GOAL OF THE EXERCISE:
Look below for the line containing "Bay San Now.", then write out that line and every line after it to the end, exactly, minus the pictures.

DATA:
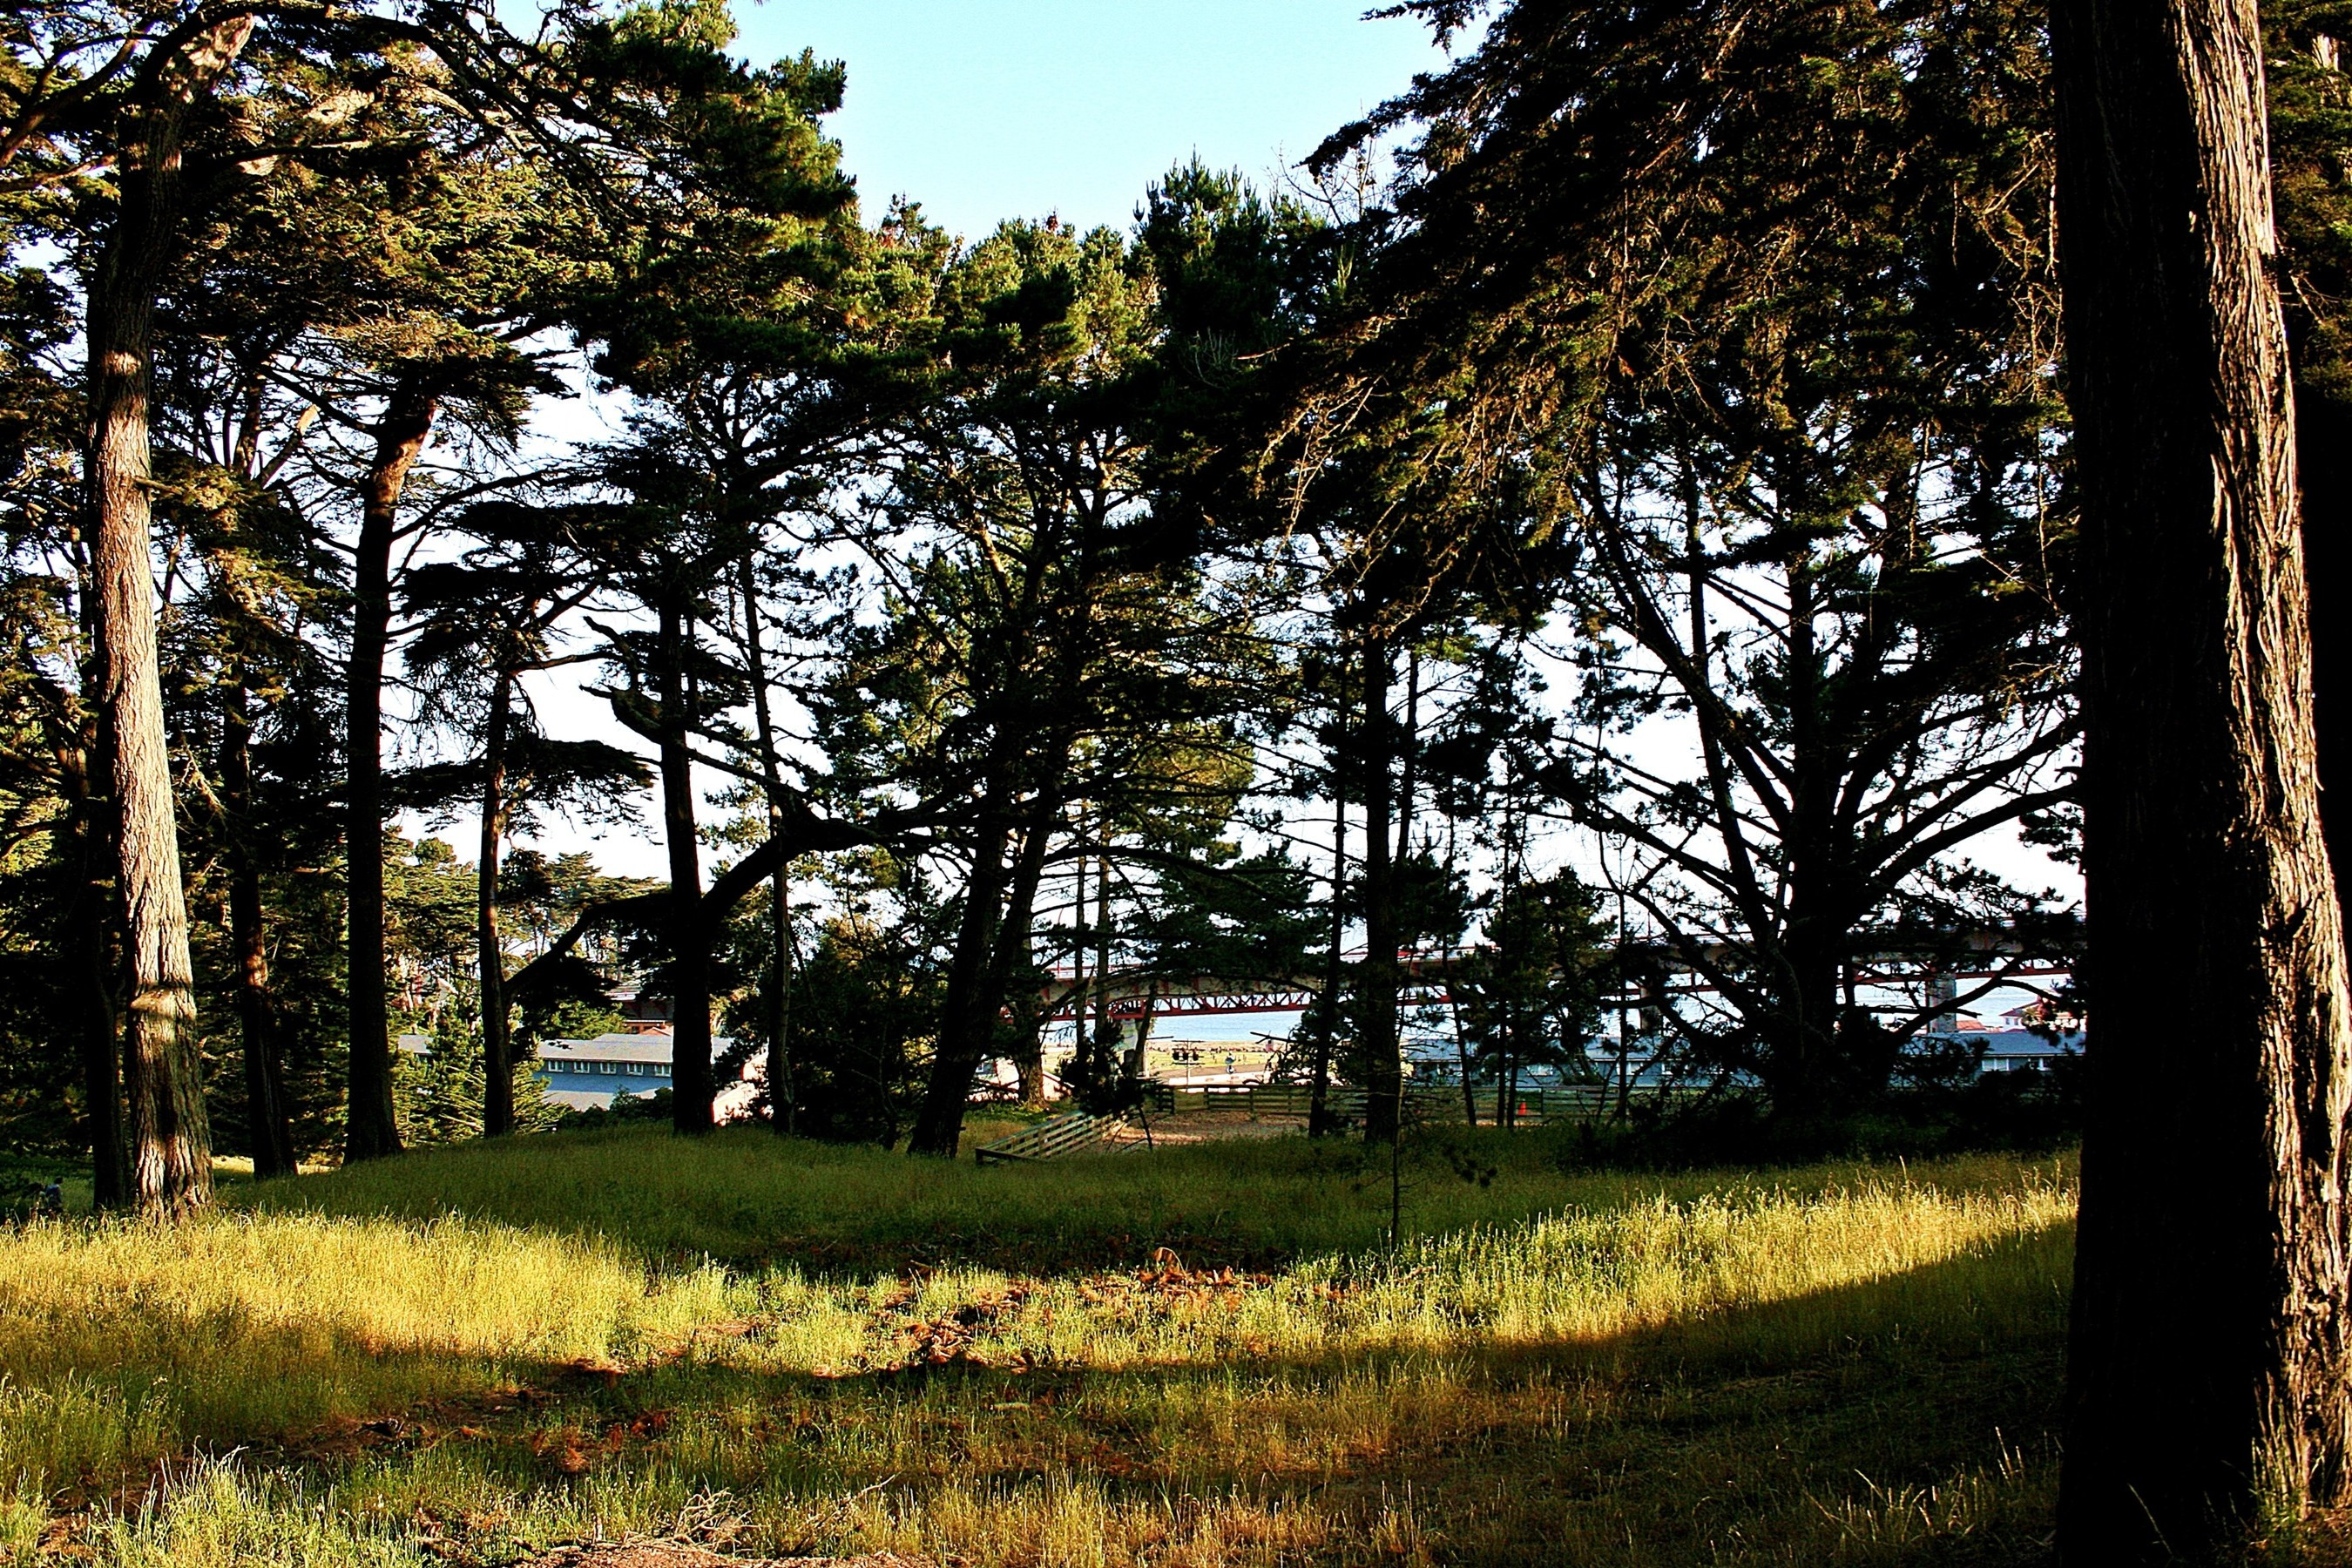 Best ideas about San Francisco Landscape
. Save or Pin nature Landscape Forest USA San Francisco Bay San Now.
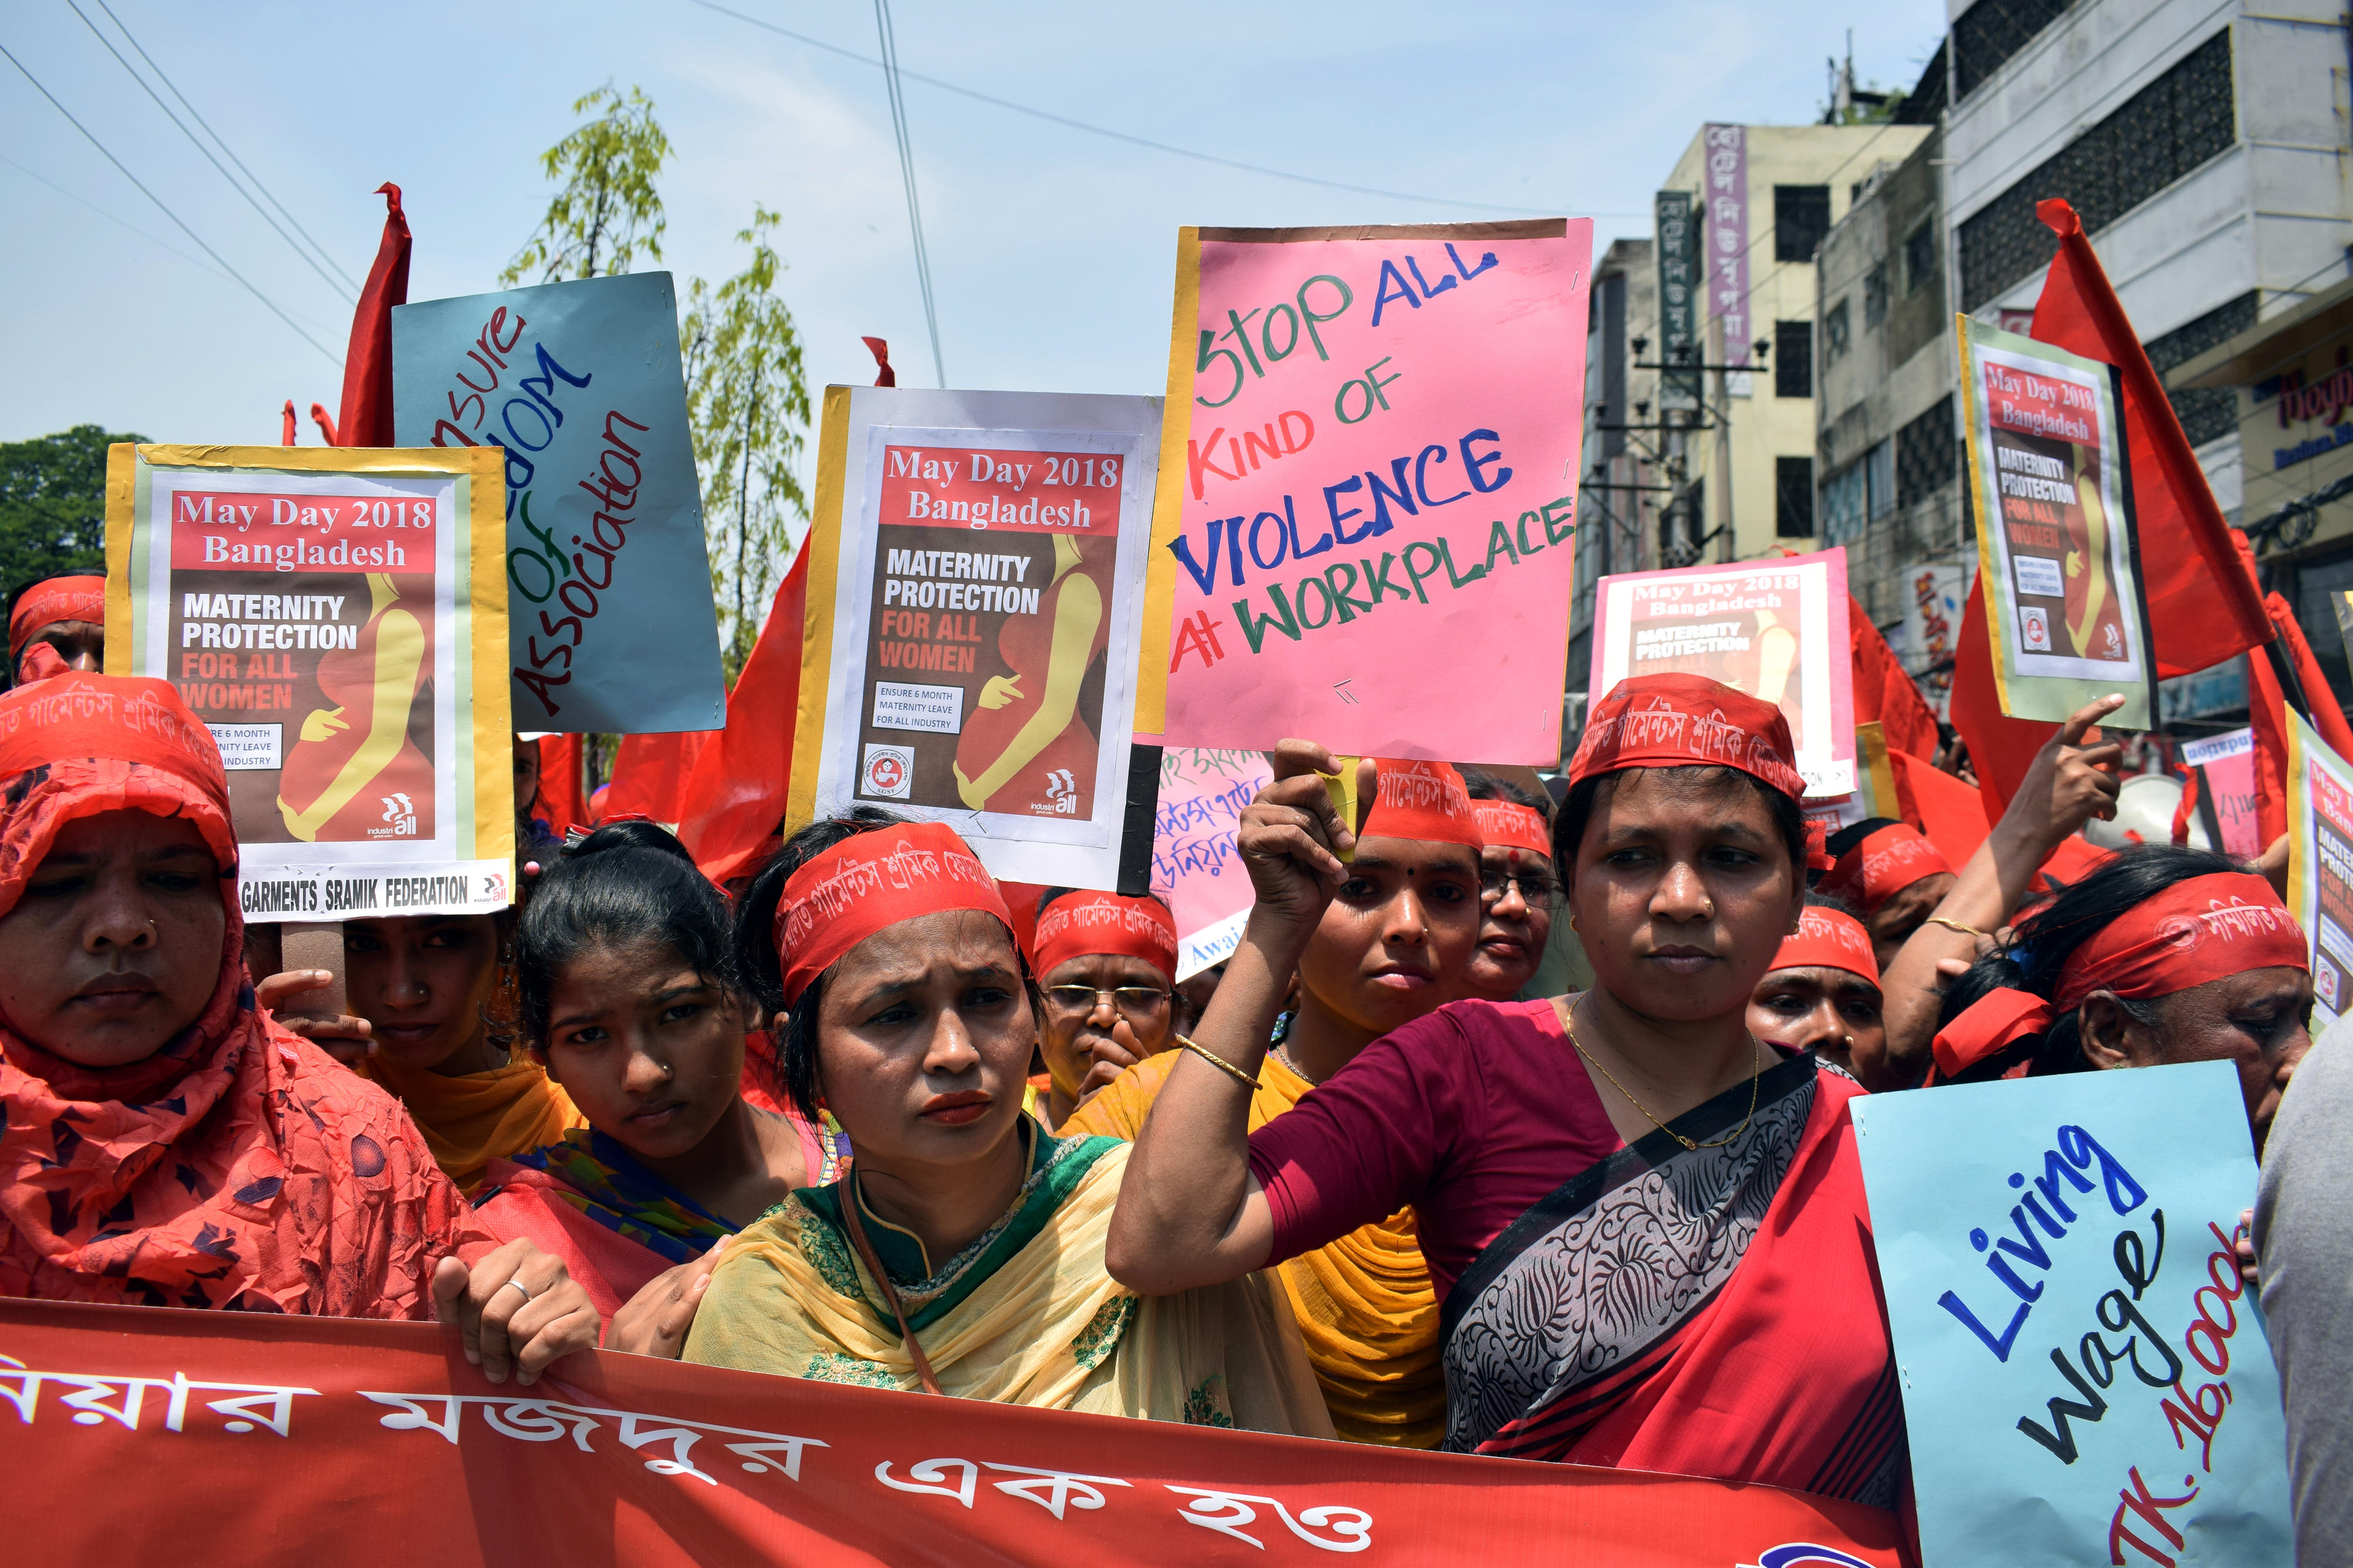 Am 1. Mai 2018 demonstrieren Frauen in Bangladesch für ihre Grundrechte. Sie halten Plakate mit ihren Forderungen – unter anderem: Gesundheitsversorgung für Schwangere, Schutz vor Gewalt am Arbeitsplatz und existenzsichernde Löhne

ANSWER SECTION:
. Save or Pin nature Landscape Forest USA San Francisco Bay San Now.
 Am 1. Mai 2018 demonstrieren Frauen in Bangladesch für ihre Grundrechte. Sie halten Plakate mit ihren Forderungen – unter anderem: Gesundheitsversorgung für Schwangere, Schutz vor Gewalt am Arbeitsplatz und existenzsichernde Löhne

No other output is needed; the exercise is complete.